Students understand that turning the switch on a flashlight can start the use of the energy in a battery. Similarly, stimulating the plasma membrane of a neuron starts a process through which that cell's potential energy is used. Special voltage-gated channels are normally closed within the cell membrane. When the cell is stimulated, the Na+ channels open, allowing that ion to flood into the interior of the neuron. When enough positive ions pass through the channels, an action potential is reached (about +35 mV). Once the action potential is reached, the Na+ close and K+ channels open, letting potassium ions rush out. (These channels close slowly, so a graph of the potential across the cell membrane normally shows a small dip in potential below the -70 mV average.) The cell returns to a resting state.

The animation shows how this scenario plays out. You may want to check this one out as well.

The action potential is a localized event - it happens at a single point on the neuron. But its effect is much like tipping one domino in a row. As the Na+ ions enter the cell, they affect the membrane before and after them. This triggers the opening of Na+ channels and the action potential is propagated. Since the changes can't occur in sections of the cell where K+ ions are rushing out, the action potential moves in one direction.

An action potential (a nerve signal) is an "all-or-nothing" reaction. You can't have a partially lit fuse, or a partial action potential. The intensity of a nerve impulse depends upon the frequency of impulses, or the number of nerve cells that are stimulated.

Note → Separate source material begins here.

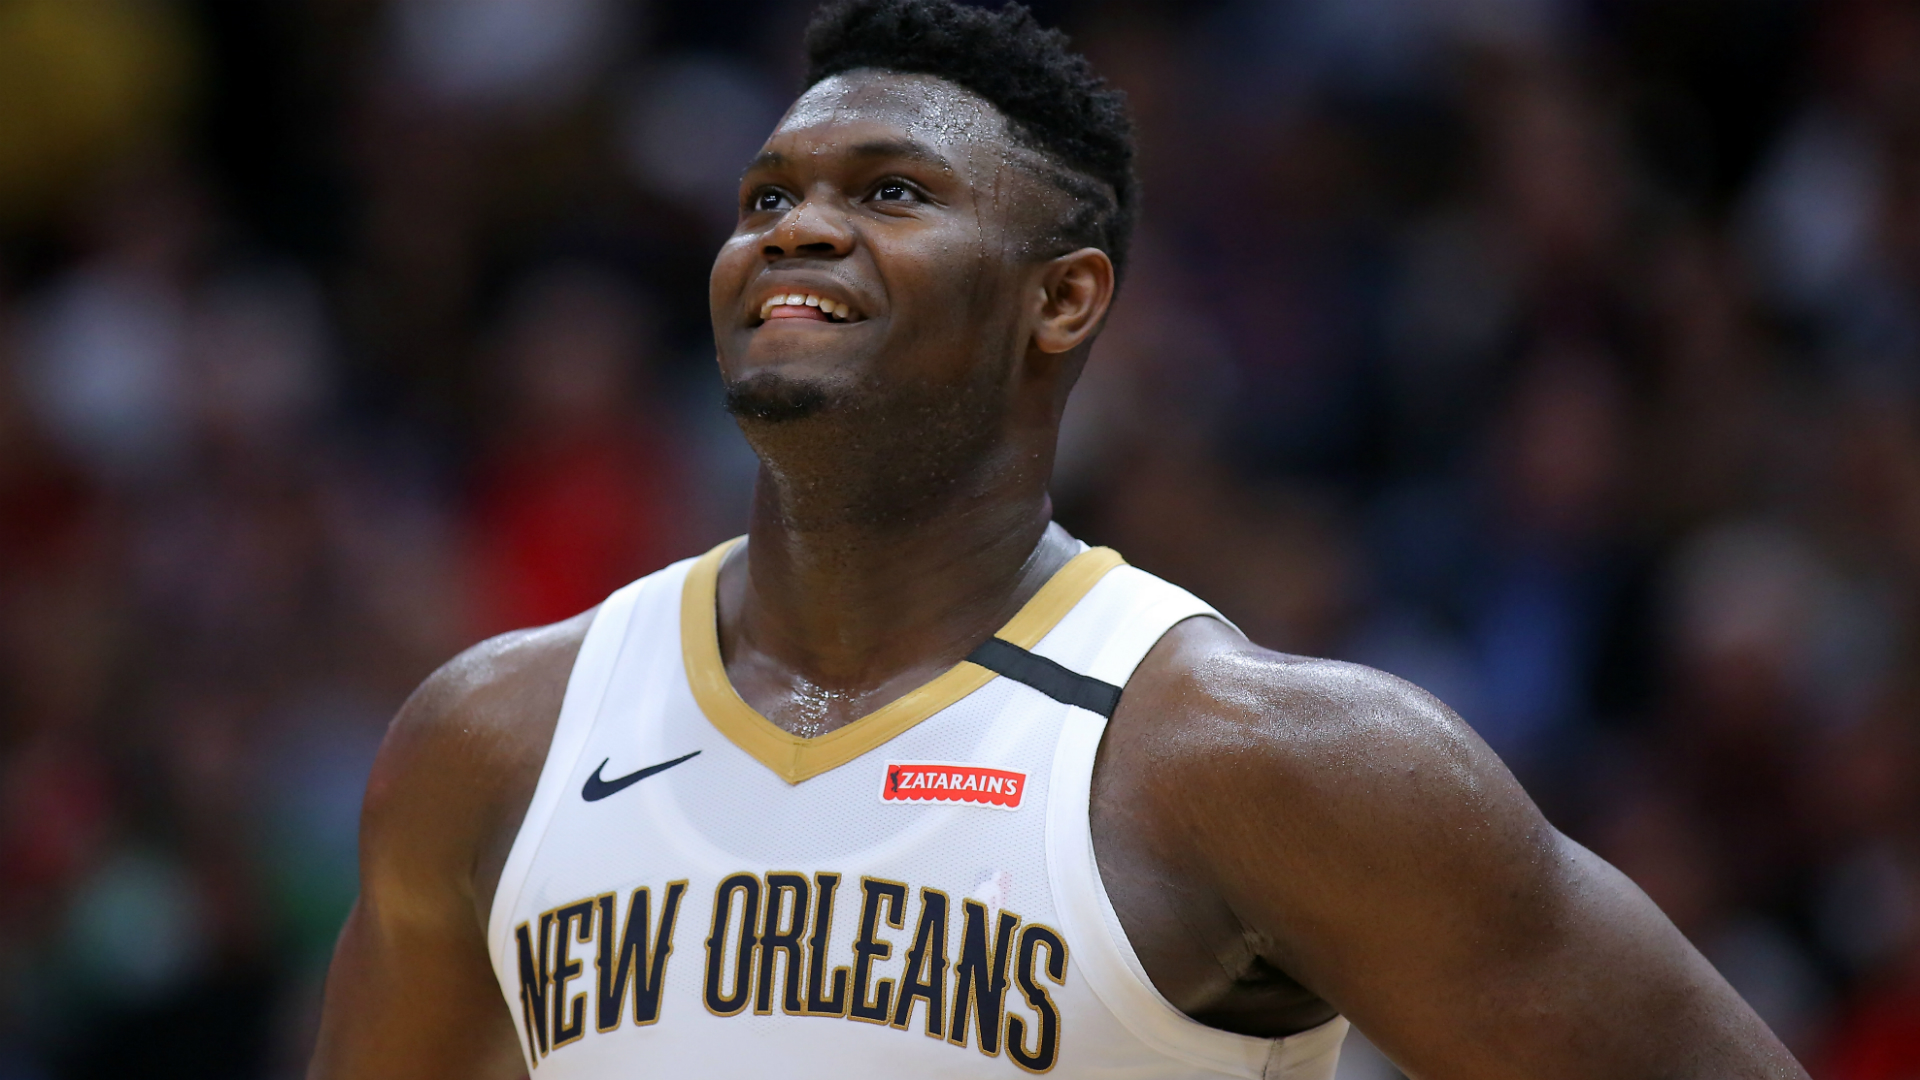 People Are Angry Zion Williamson Is The Nba 2k Next Gen Athlete Over Luka Doncic Ja Morant Sporting News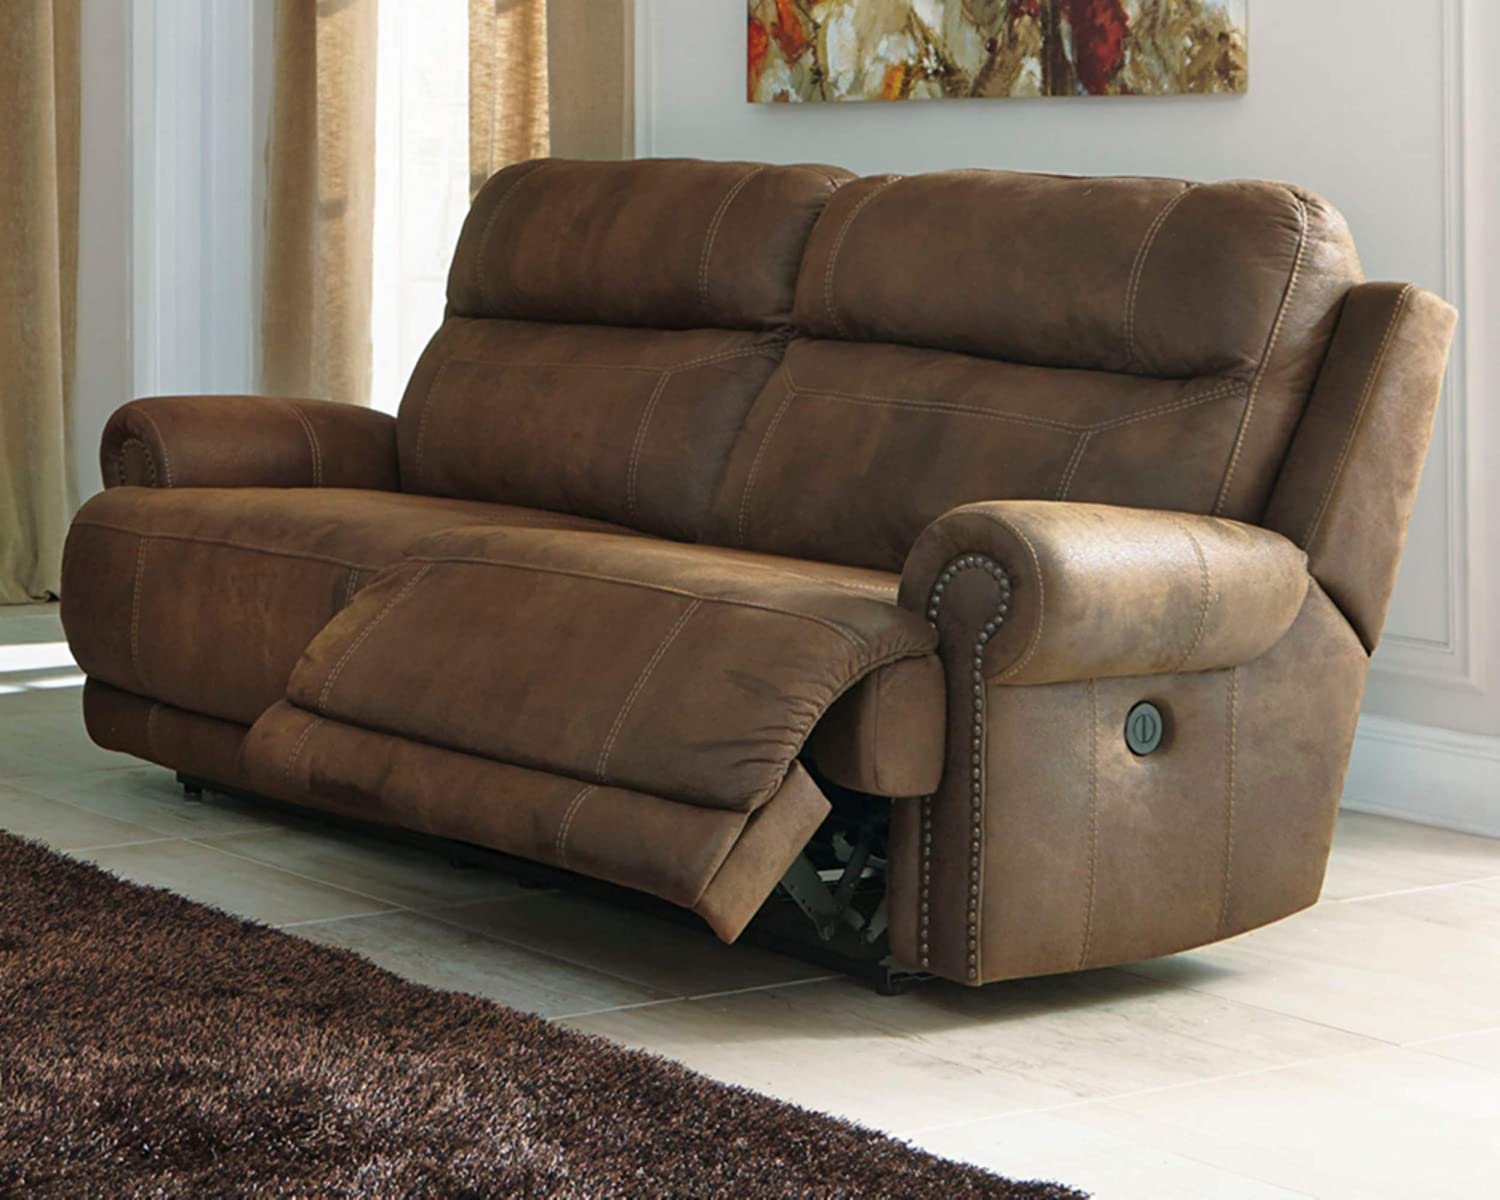 Signature Design by Ashley Austere 2-Seat Reclining Power Sofa

Between two adjacent nerves the reaction is propagated by chemicals called neurotransmitters. These are important molecules which play a vital role in maintaining the body's balance or homeostasis. Most neurotransmitters are small molecules, like acetylcholine. Others in the same group (biogenic amines) include epinephrine (adrenaline), norepinephrine, serotonin, and dopamine.

Neurotransmitters have subtle yet vital functions in cells. Imbalances have been related to mental illnesses such as bipolar disease, Parkinson's disease, and chronic depression. The actions of many psychoactive drugs (like mescaline and LSD) appear to disturb the balance of neurotransmitters in the brain, mimicking the biology of chronic mental illness. Cocaine and amphetamines increase the effects of the neurotransmitter norepinephrine. Caffeine (in coffee and chocolate) appears to stimulate the body by decreasing the effectiveness of the chemicals that inhibit neurotransmitters.

As students study the structure of nerves, it's important to remind them of the body’s parallel message delivery scheme, the endocrine system. Hormones and nervous messages work in tandem to maintain homeostasis, and interact with dramatic effects - especially in the bodies of growing students.